I have 2 DFs that have different sizes, something like:
DF1:
Metric Market BSegment MSegment Category Num Den Period
KPI1 GA PS Comm BF 20 100 202201
KPI1 CE PR Cons BF 70 128 202201
KPI2 NWE PR Cons On 12 389 202203
.
.
.
KPI20 ISE PS Cons On 80 288 202204
KPI30 GA PS Comm BF 32 85 202204
DF2:
Metric Market BSegment MSegment Category StartPeriod EndPeriod Goal
KPI1 * PS Comm BF 202201 202205 5
KPI1 * PR Cons BF 202201 202205 10
KPI2 NWE PR * On 202112 202203 60
.
.
.
KPI2 ISE PS * On 202112 202203 40
KPI3 GA PS Comm BF 202201 202206 22
KPI3 CE PS Comm BF 202201 202206 26
KPI3 NWE PS Comm BF 202201 202206 20
I am trying to get a new column in DF1 where I bring the values of the 'Goal' column in DF2 when the other columns are matchig. The main problem is that in DF2, in order to not repeat the same line multiple times, when a goal is applied, for example, to all markets instead of a line per market it states '*'.
Also there could be metrics in DF1 that are not appearing in DF2 as there are no goals.
The logic would be something like:
(df1['Metric'] == df2['Metric']) &
(df1['Market'] == df2['Market'] | df2['Market'] == '*') &
(df1['BSegment'] == df2['BSegment'] | df2['BSegment'] == '*') &
(df1['MSegment'] == df2['MSegment'] | df2['MSegment'] == '*') &
(df1['Category'] == df2['Category'] | df2['Category'] == '*') &
(df2['StartPeriod'] <= df1['Period'] <= df2['EndPeriod'] )
I've tried with np.where and np.select as:
df1['Numerator.Goal'] = (np.where((df1['Metric'] == df2['Metric']) &
(df1['Market'] == df2['Market'] | df2['Market'] == '*') &
(df1['BSegment'] == df2['BSegment'] | df2['BSegment'] == '*') &
(df1['MSegment'] == df2['MSegment'] | df2['MSegment'] == '*') &
(df1['Category'] == df2['Category'] | df2['Category'] == '*') &
(df2['StartPeriod'] <= df1['Period'] <= df2['EndPeriod'] ), df2['Goal'], np.nan))
--------
df1['Numerator.Goal'] = (np.select((df1['Metric'] == df2['Metric']) &
(df1['Market'] == df2['Market'] | df2['Market'] == '*') &
(df1['BSegment'] == df2['BSegment'] | df2['BSegment'] == '*') &
(df1['MSegment'] == df2['MSegment'] | df2['MSegment'] == '*') &
(df1['Category'] == df2['Category'] | df2['Category'] == '*') &
(df2['StartPeriod'] <= df1['Period'] <= df2['EndPeriod'] ), df2['Goal']))
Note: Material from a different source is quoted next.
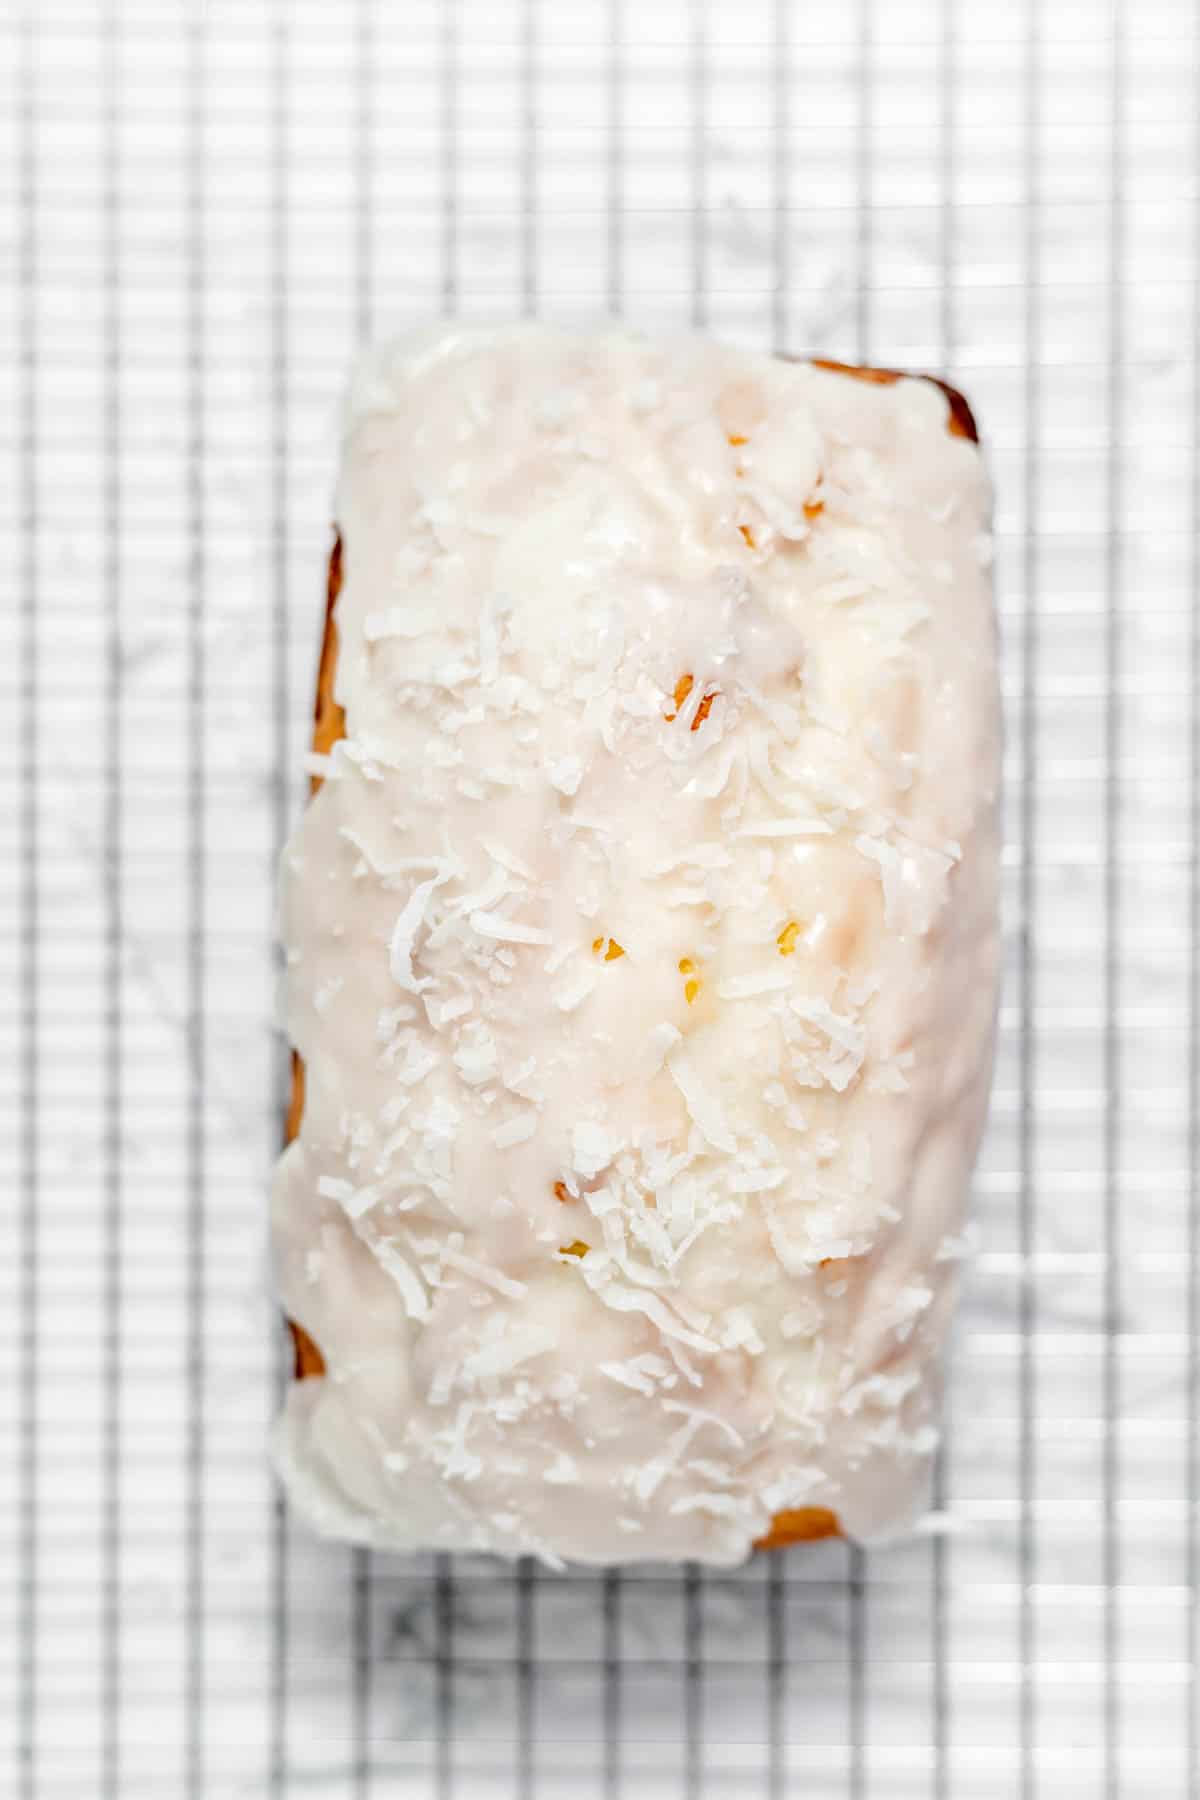 Top view of a baked Coconut bread loaf on a wire rack with a white glaze on top. 
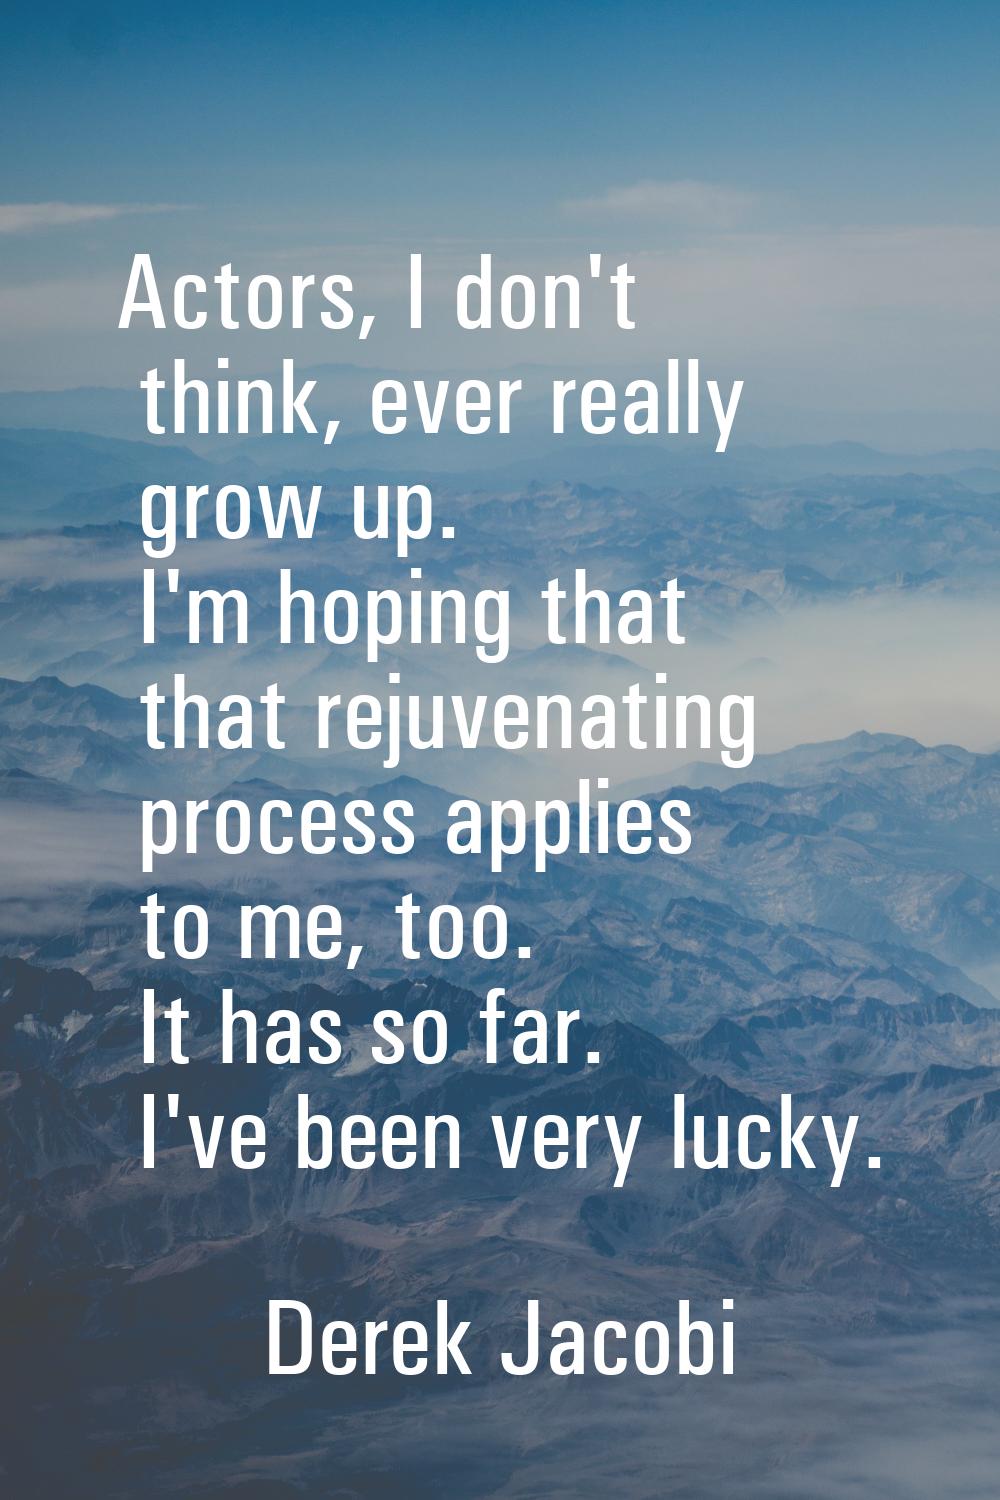 Actors, I don't think, ever really grow up. I'm hoping that that rejuvenating process applies to me

but it ends up with a "ValueError: Can only compare identically-labeled Series objects"
I've think also on doing a .merge() but I havn't seen how to deal with the '*' symbol so I have not been successful at it.
By any chance, would you know how to accomplish this? Any help is appreciated!